* Data provided *
···

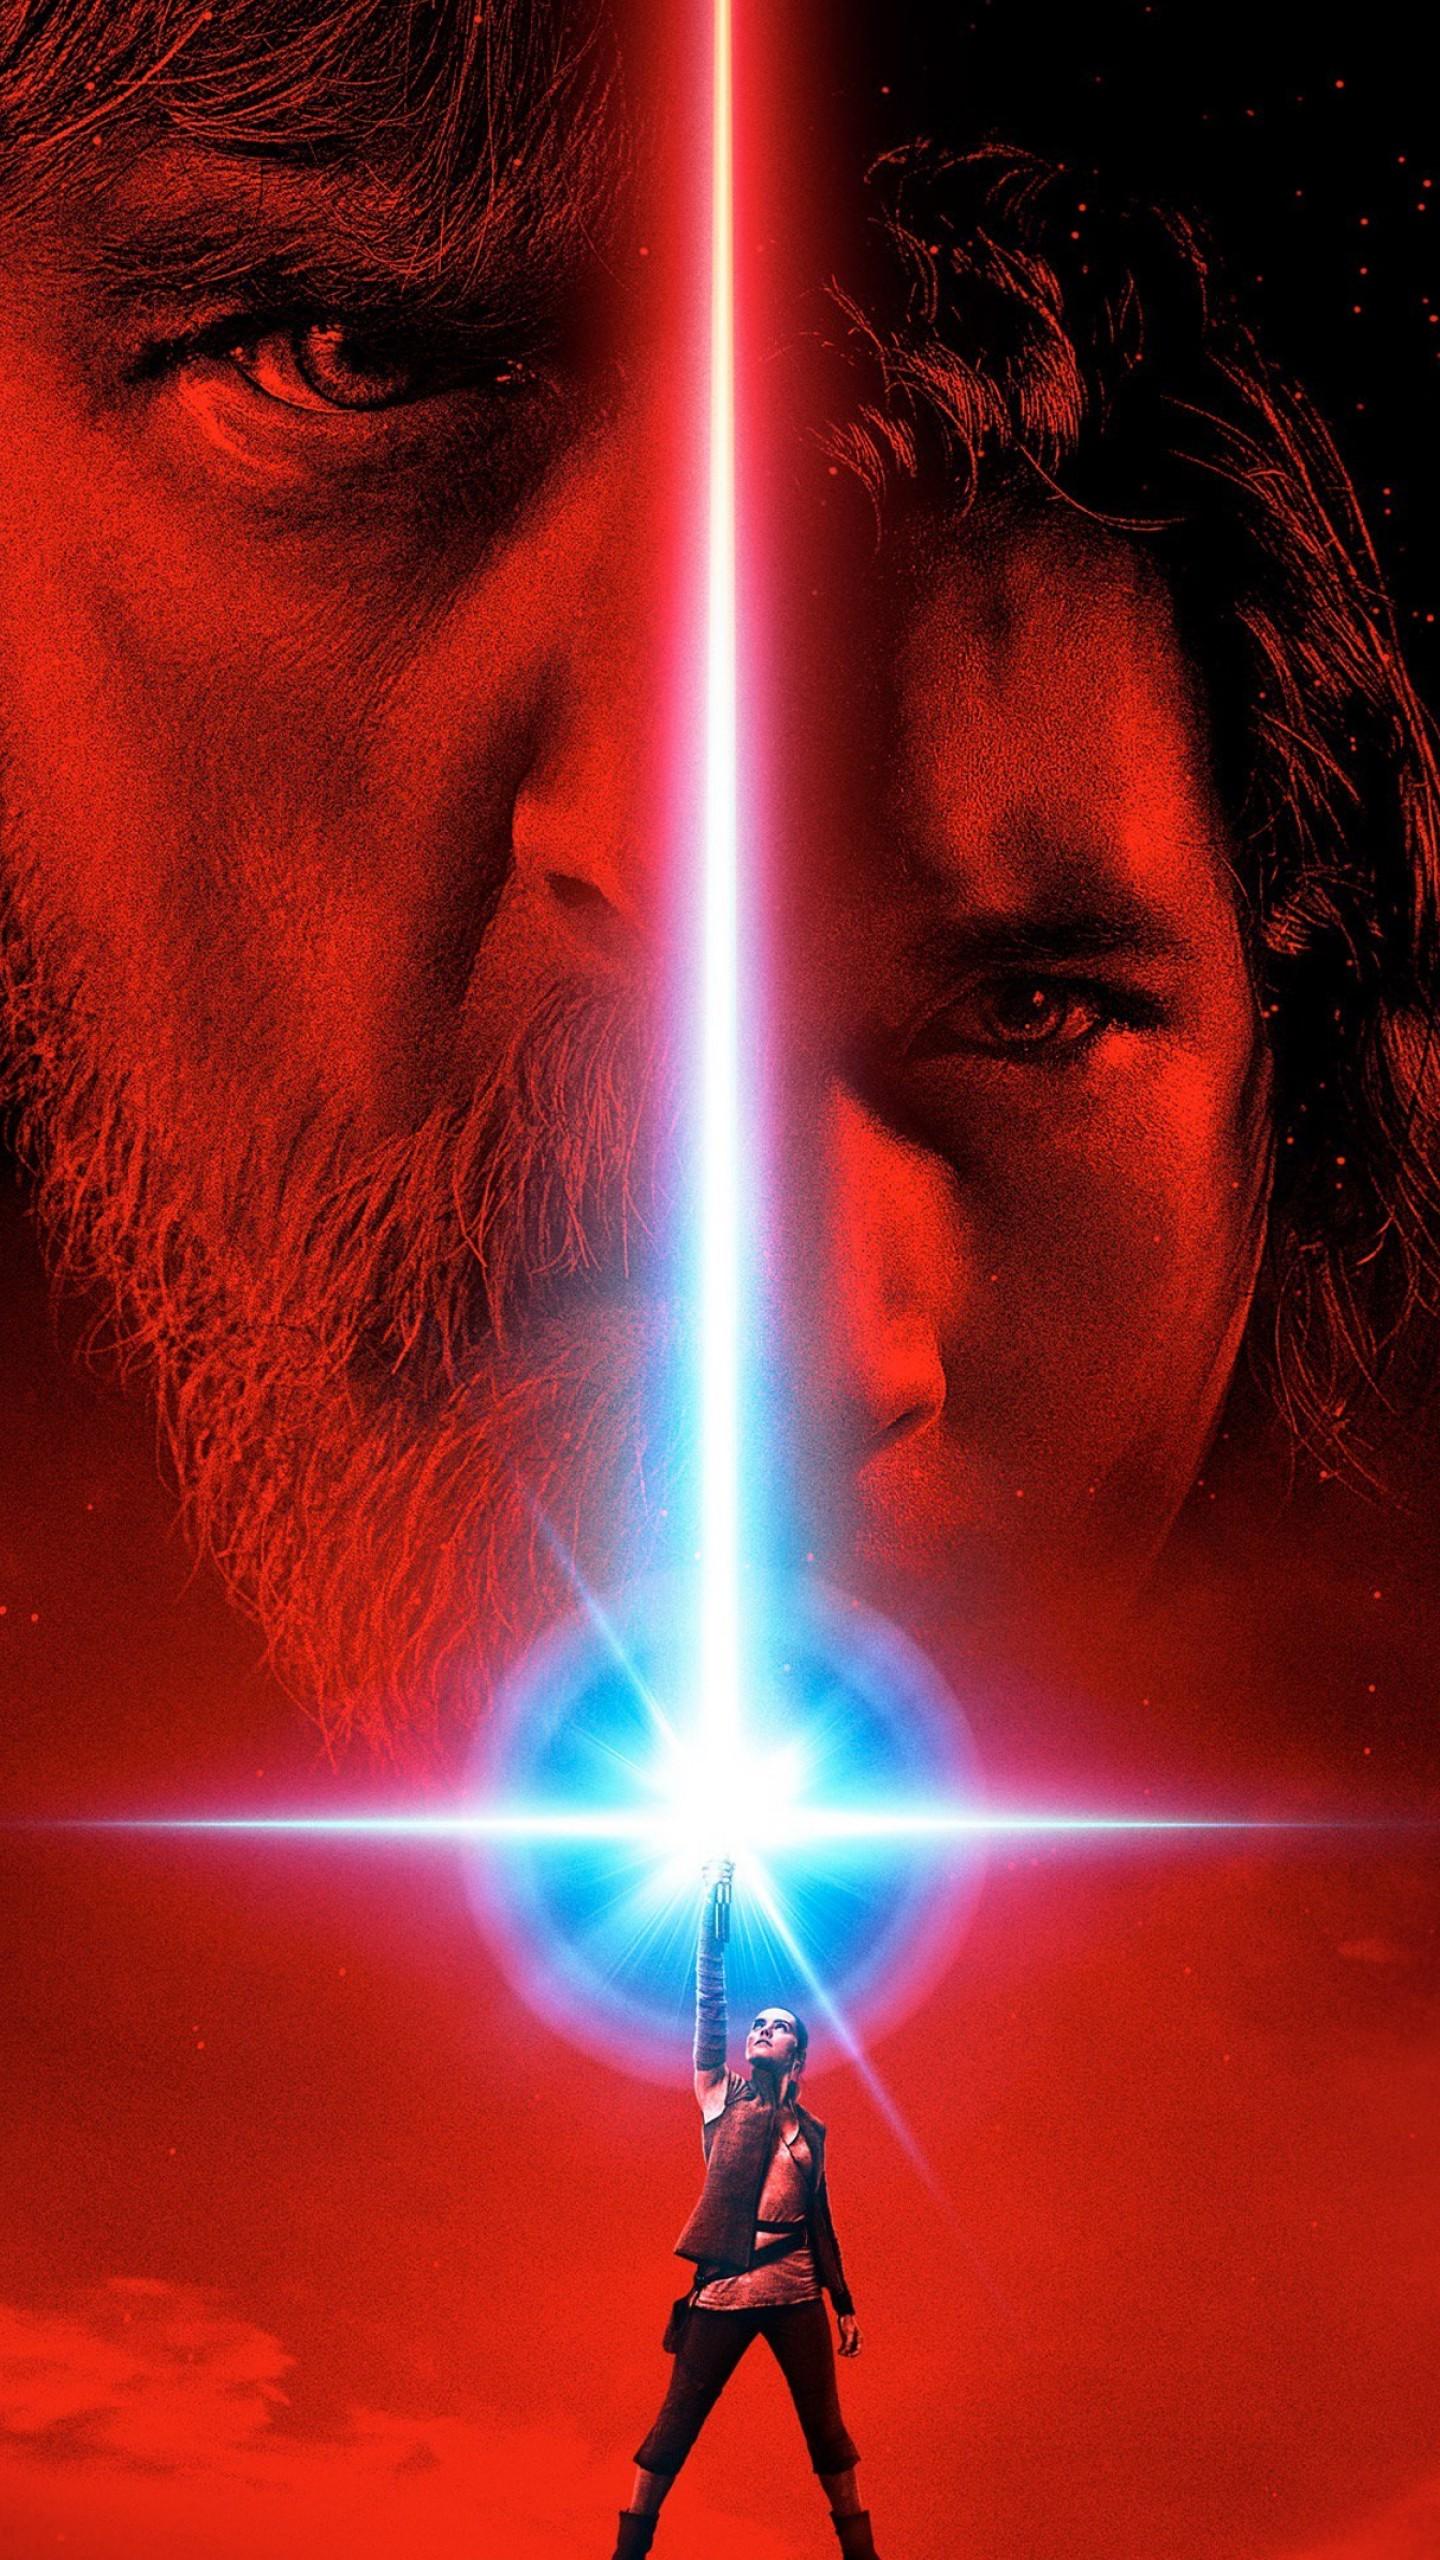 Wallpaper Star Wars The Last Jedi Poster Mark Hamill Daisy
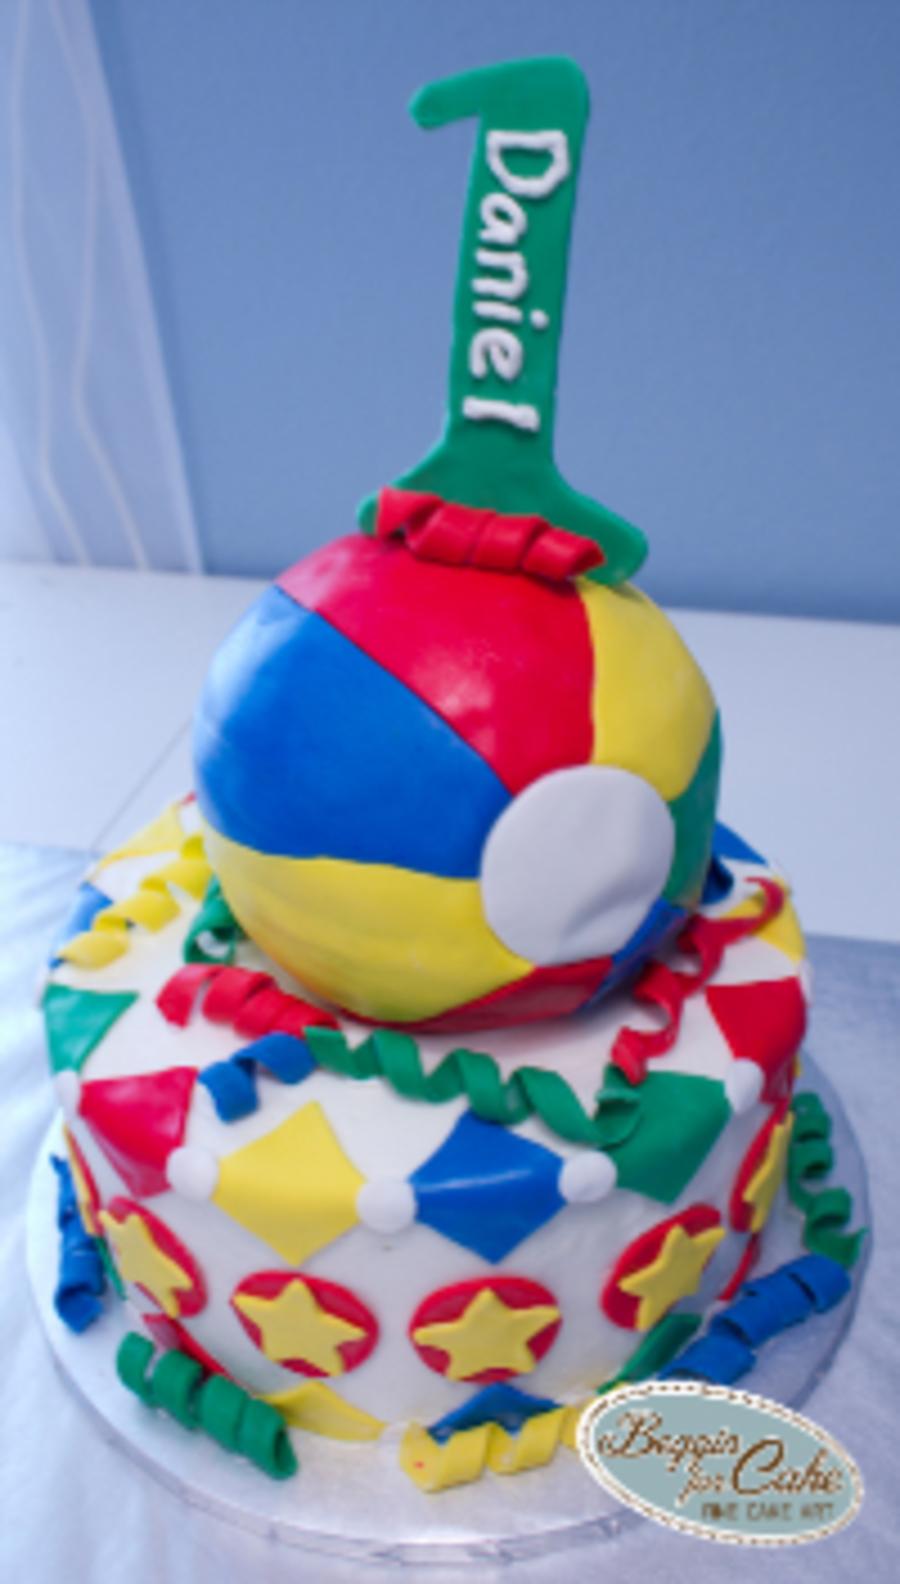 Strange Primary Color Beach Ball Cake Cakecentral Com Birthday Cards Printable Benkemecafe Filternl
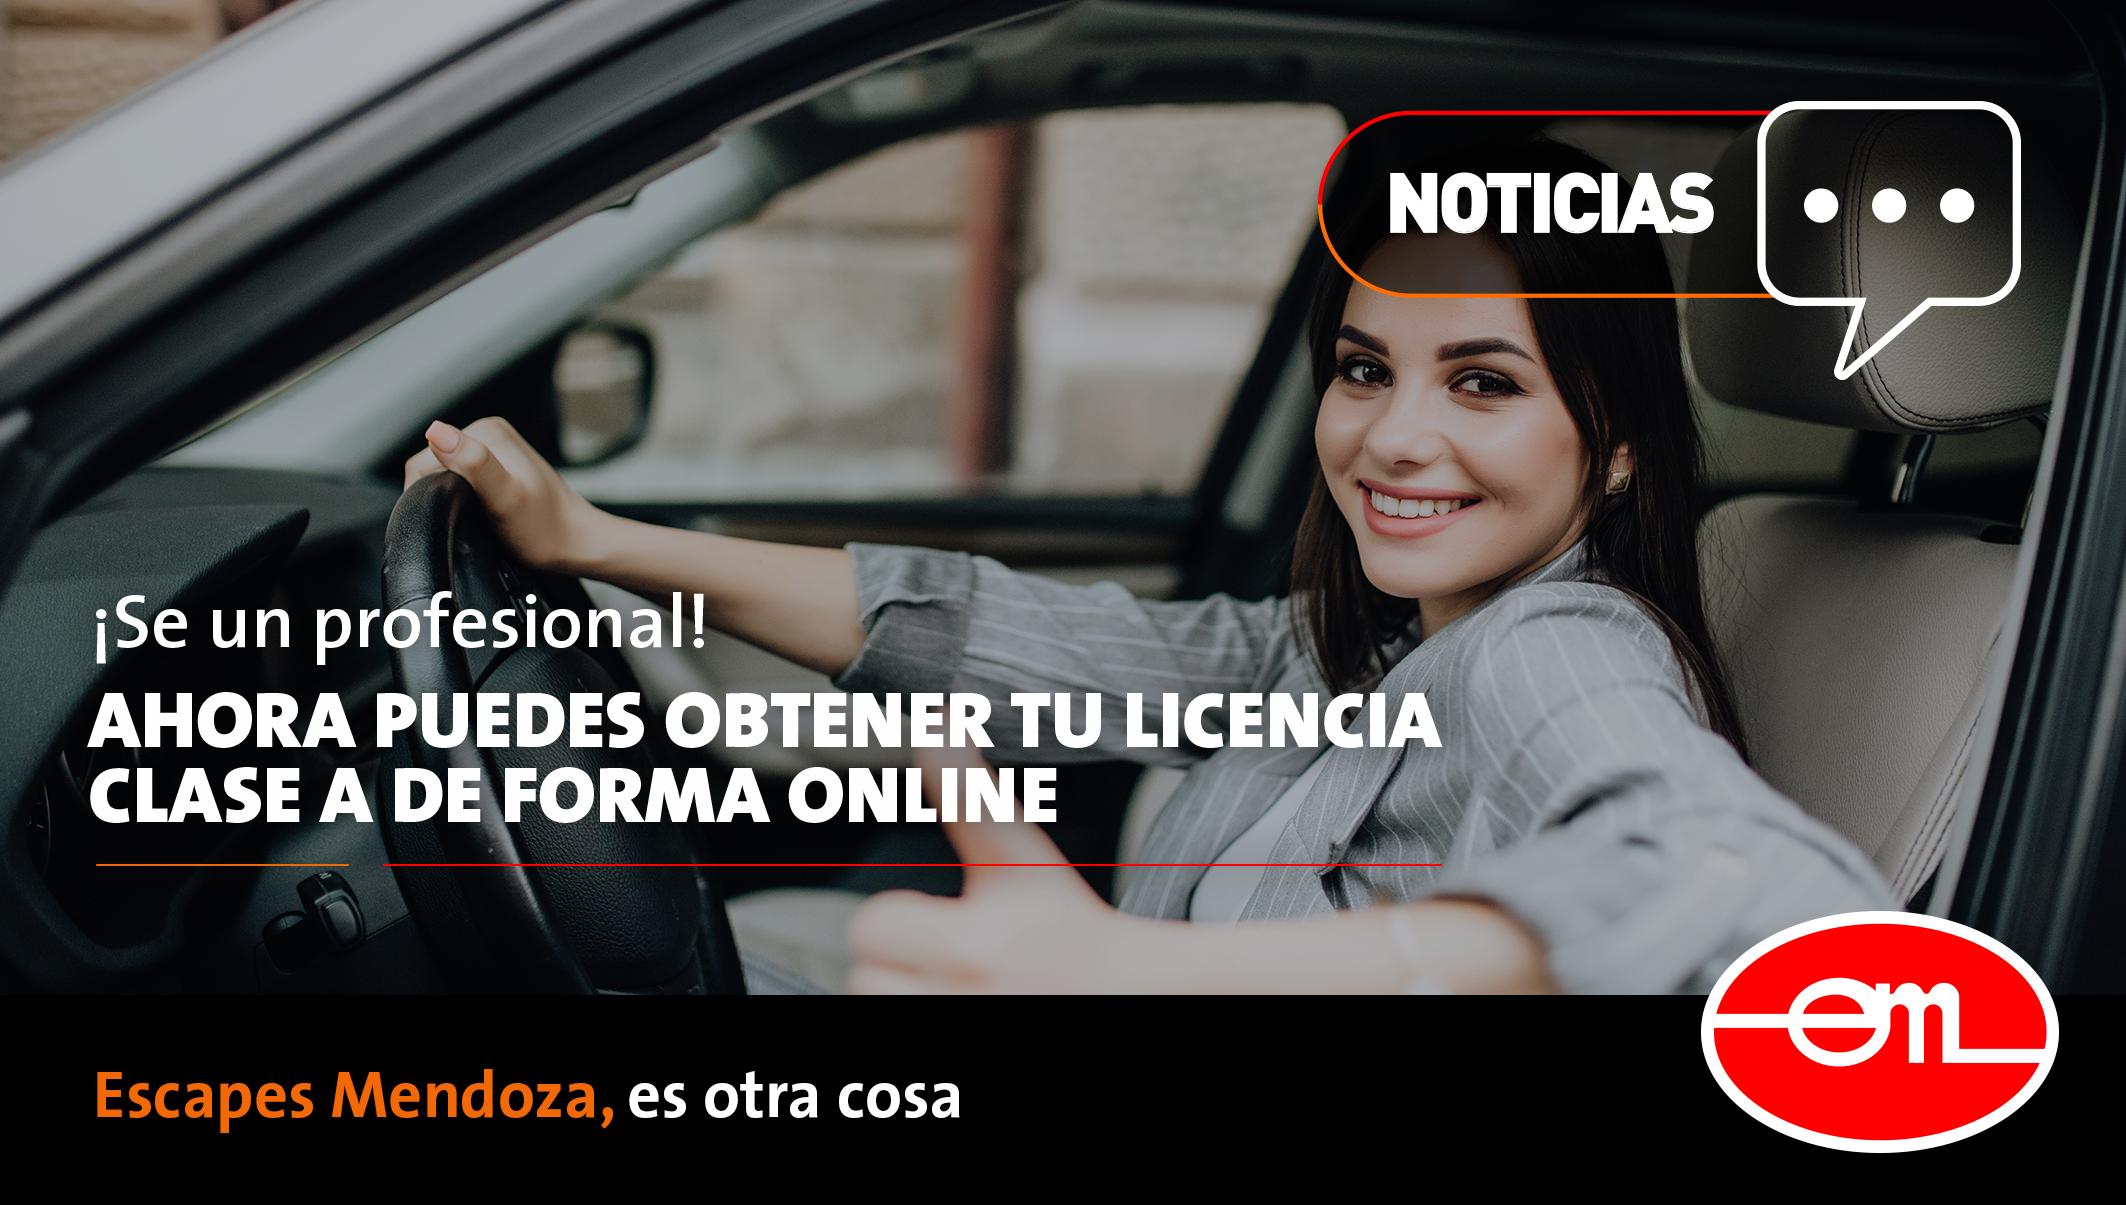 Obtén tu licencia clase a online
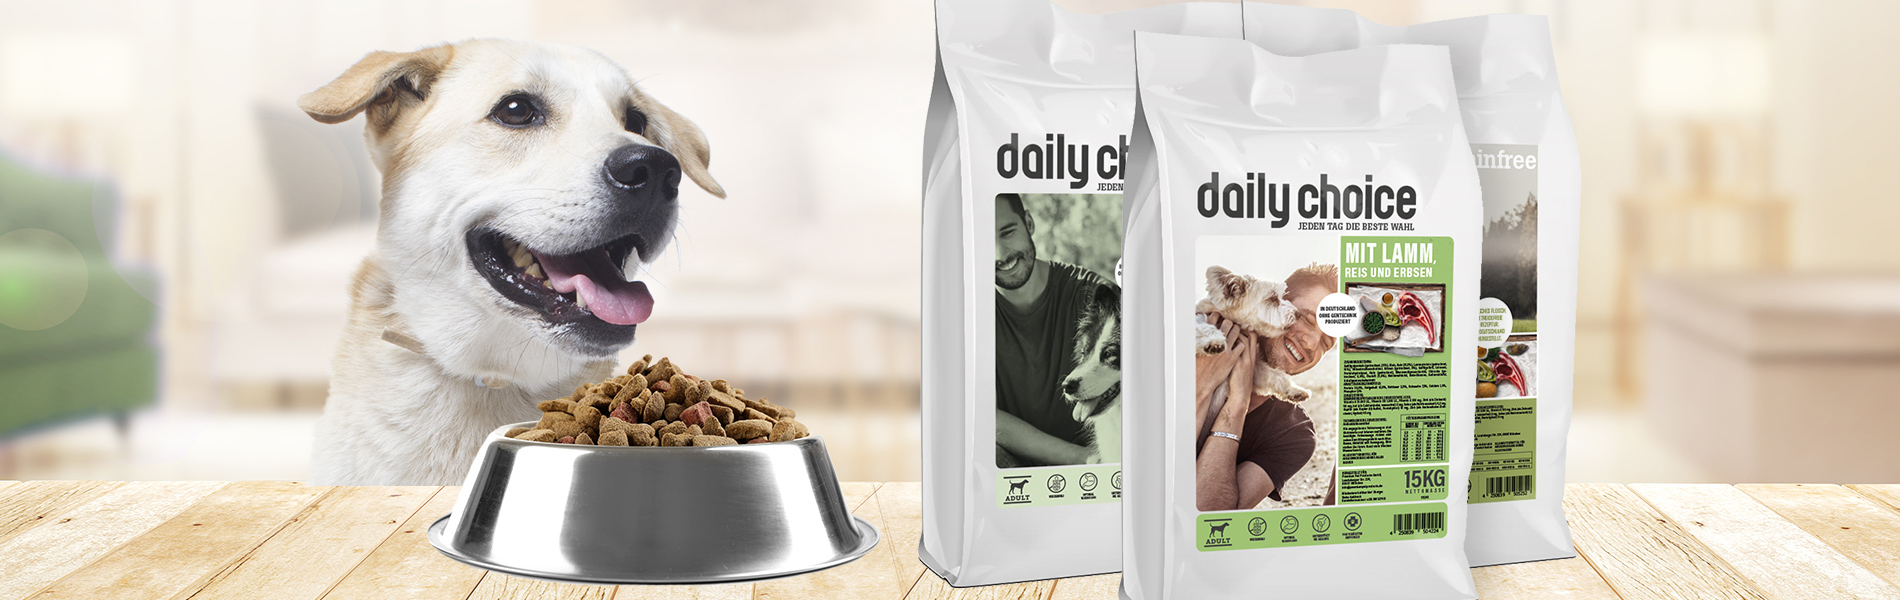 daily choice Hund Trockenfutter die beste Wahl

···

Give the listing again word for word. Skip any pictures.

* Your solution *
 Wallpaper Star Wars The Last Jedi Poster Mark Hamill Daisy
 Strange Primary Color Beach Ball Cake Cakecentral Com Birthday Cards Printable Benkemecafe Filternl
 Obtén tu licencia clase a online
 daily choice Hund Trockenfutter die beste Wahl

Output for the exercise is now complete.